Born Elijah Poole on Oct. 7, 1897, Muhammad eventually rose to become one of the most popular religious leaders of his time. Though some found his teachings controversial, many acknowledged the NOI’s role in helping many Black people improve their lives.
That sentiment still stands among many Black Americans.
In the 1960s, “Reader’s Digest” dubbed Muhammad “The Most Powerful Black Man in America.” High-profile Black academics, authors and leaders agreed, some of whom were not Muslim.
Iconic author James Baldwin was among them. Though he disagreed with Muhammad’s stance that all white people were devils, he credited the positives of Muhammad’s leadership.

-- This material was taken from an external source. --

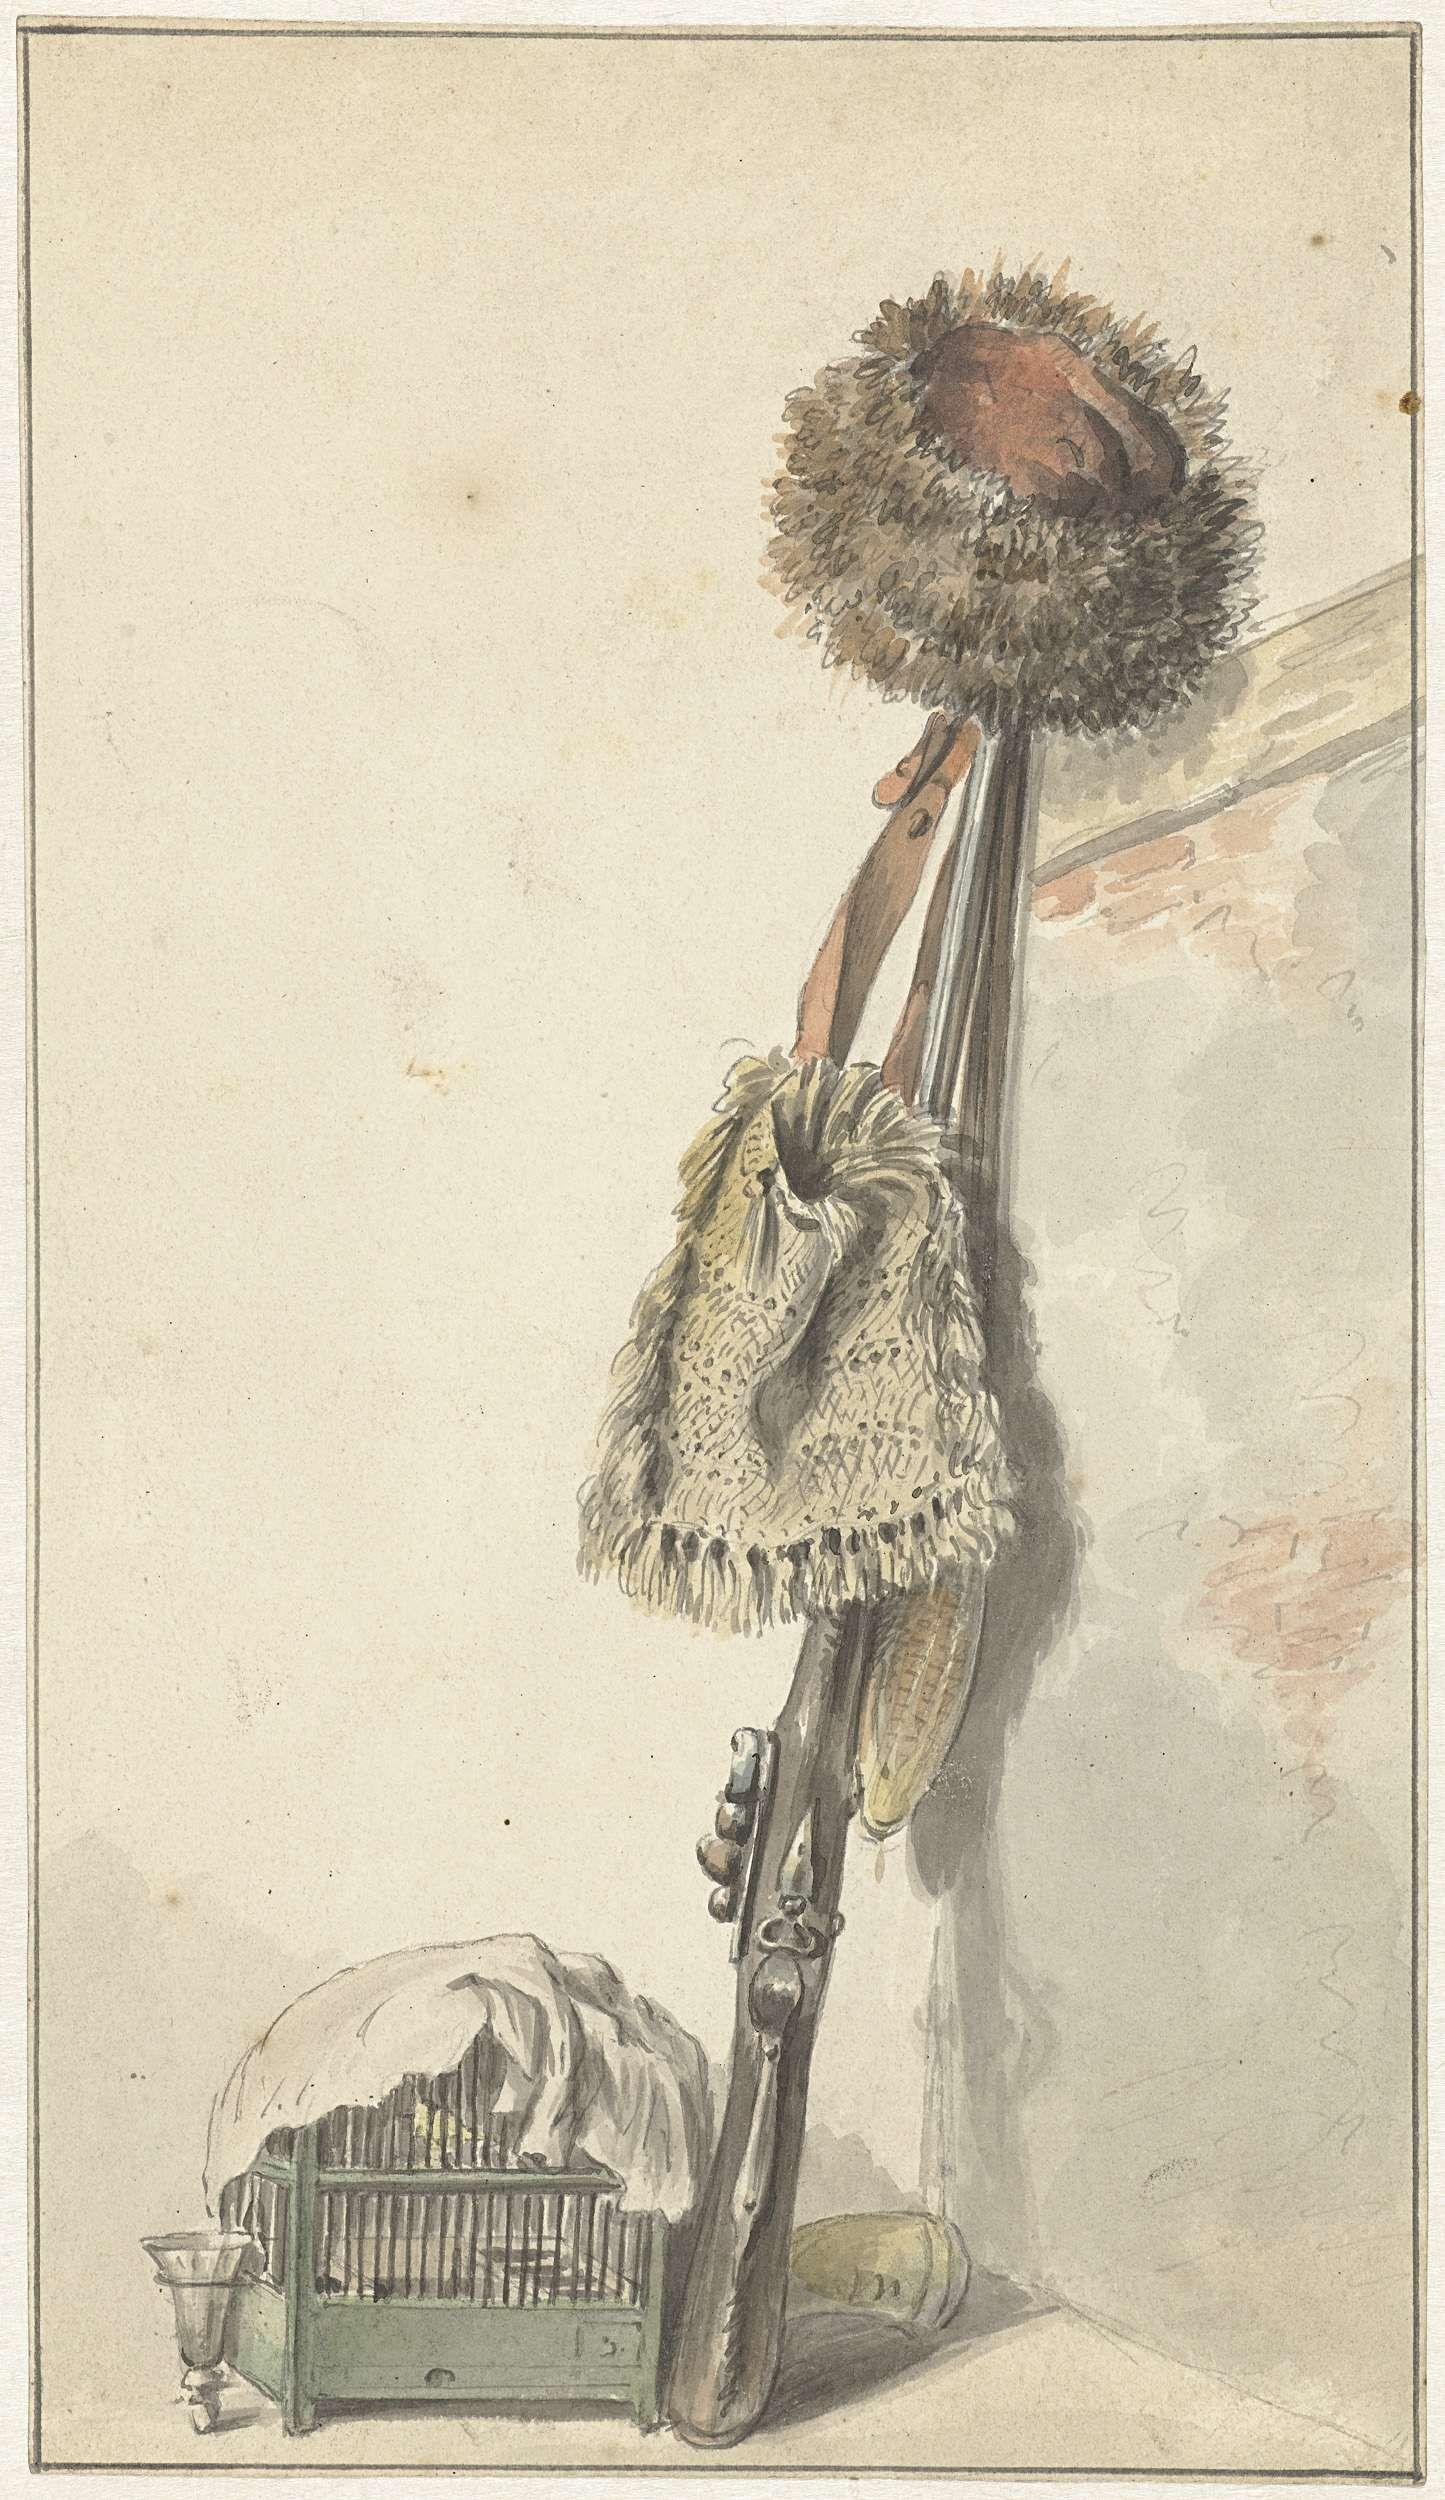 Jacob van Strij | Jachtstilleven met vogelkooi, Jacob van Strij, 1766 - 1815 | Jachtstilleven met vogelkooi, geweer, kruithoorn, weitas en bontmuts.

In his bestselling 1963 book, “The Fire Next Time” – originally published in 1963 – Baldwin spoke of Muhammad’s impact on Black Americans. He wrote:
“Elijah Muhammad has been able to do what generations of welfare workers and committees and resolutions and reports and housing projects and playgrounds have failed to do: To heal and redeem drunkards and junkies, to convert people who came out of prison and to keep them out; to make men chaste and women virtuous and to invest both the male and the female with a pride and serenity that hang about them like an unfailing light. He has done all these things, which our Christian church has spectacularly failed to do.”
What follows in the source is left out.